There's something rather uncomfortable about Channel 4's Bodyshock series. That's not really a surprise, is it? The entire raison d'etre is to point and stare. And so it is that we've had films like The 27 Inch Man, Dad's Having a Baby and – a particular favourite – the poetically titled I Am the Elephant Man. The latest instalment is this: World's Tallest Man: Looking for Love. Combine that with the word "Bodyshock" and it sounds like a recipe for disaster. So, you know, expectations on the backburner.
But guess what? It could have been worse. The title wasn't really in the slightest bit informative. Rarely is this a good thing; in this instance it was a blessing. There were no speed-dating sessions or drunken trawls round Oceana. No forced pick-up lines or awkward first dates. OK, actually there was one of those (on which more later). But, by and large, World's Tallest Man: Looking for Love wasn't quite the hideous prospect it appeared.
High praise indeed. Possibly it was Sultan who redeemed it. The so-called WTM, it would be almost impossible to render him undignified. Towering over the hordes (and, at over eight feet, he undoubtedly does tower; only 10 people in the modern world have reached his height), he produced the odd and rather satisfactory effect of making everyone else look peculiar: little gawping ants, snapping away with their puny camera phones.
He's spent most of his life hovering on the periphery. From the age of eight, said the narrator, Sultan started growing "uncontrollably". As a child, born into a small village in Turkey, he was so self-conscious that he spent most of his time indoors.

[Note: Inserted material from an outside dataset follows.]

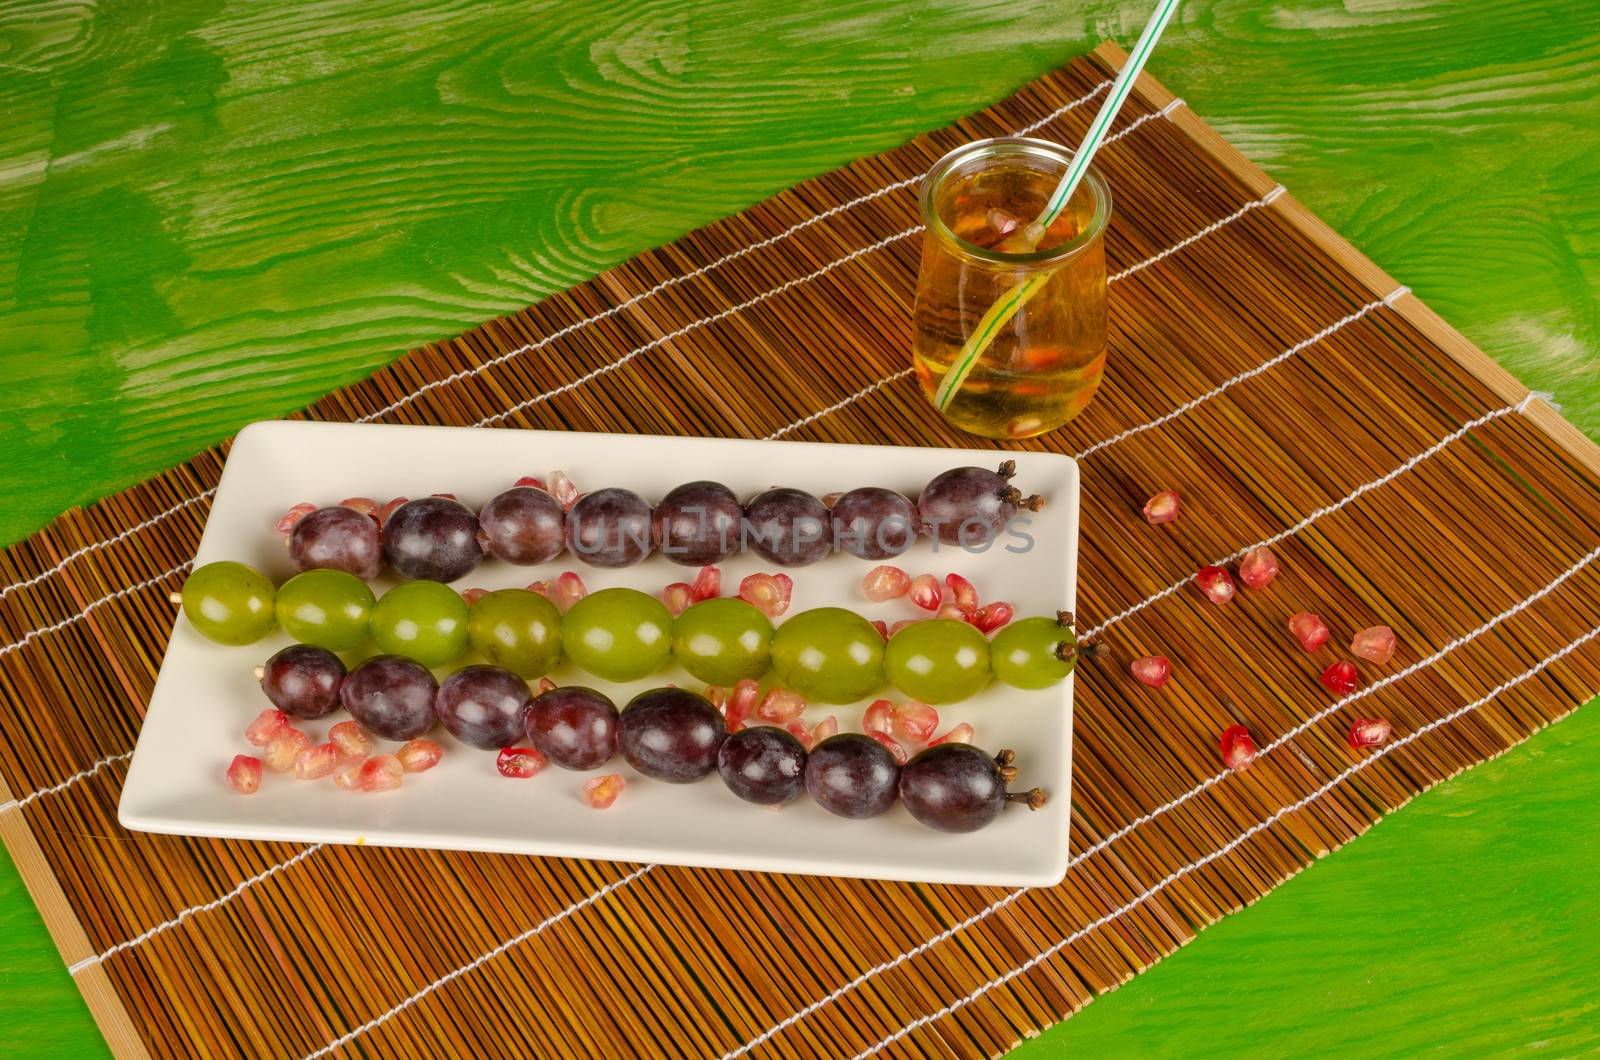 Grapes served as snakes, a kid dessert idea

The result has been a life without many close relationships. "Since I'm different," observed Sultan. "People aren't affectionate towards me."
It's all rather awful, really. It gets worse. The reason Sultan is so tall, the reason he's endured so much that's miserable is because he's ill. He has suffered – and possibly still does – from a tumour within the pituitary gland, which results in excessive levels of growth hormone being produced. It means that even now, at the grand old age of 27, he's still growing. He's getting taller, his feet bigger and his fingers longer. More seriously, his internal organs are all enlarging, too. Gigantism, it turns out, puts potentially fatal strain on the heart. Despite repeated medical procedures, the inches keep appearing. At his last check-up, seen on camera, he was found to have tumour cells lurking in his sinuses. There are treatments, but they're far from guaranteed to succeed.

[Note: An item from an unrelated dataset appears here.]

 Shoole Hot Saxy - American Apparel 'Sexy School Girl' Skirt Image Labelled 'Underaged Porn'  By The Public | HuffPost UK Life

It's not all doom and gloom. For all its morbid causes, Sultan's illness has allowed him to enter the Guinness World Records. This, by all accounts, appears to have brought him tremendous satisfaction. He can earn money with public appearances and leads the sort of life few of his village contemporaries enjoy, full of international travel and with a flat in Ankara. The latter was given to him by the Turkish government, though they don't seem to have given much thought to the practicalities. Aside from a single, enormous bed, almost everything in the flat is too small.

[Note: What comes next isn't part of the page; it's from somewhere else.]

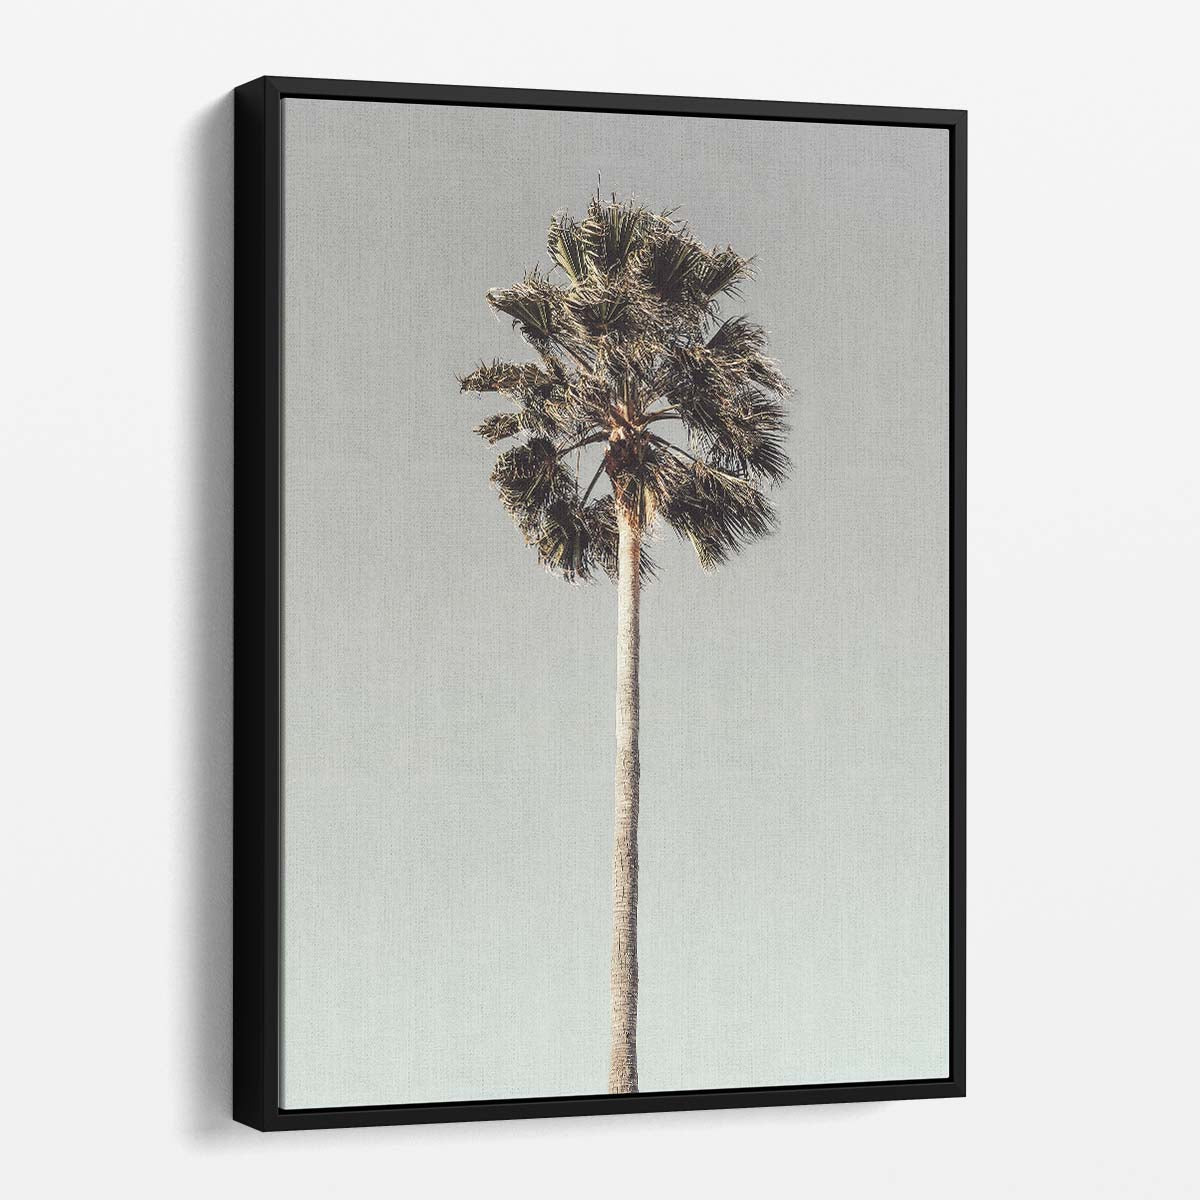 Minimalist Tropical Palm Tree Landscape Photography, Exotic Gray Sky by Luxuriance Designs, made in USA

The Guinness staff lurked in the background. With every inch he grew, they chuckled gleefully, congratulating him on his new record. Despite Sultan's satisfaction, it was all a little weird. The exception came in the form of Kelly, Guinness's director of HR. Fluent in Turkish, she and Sultan seemed to have a genuine bond. She's met his family, they travel together, and she listens to his concerns about growing old alone. At 27, Sultan is a year older than the average groom in Turkey.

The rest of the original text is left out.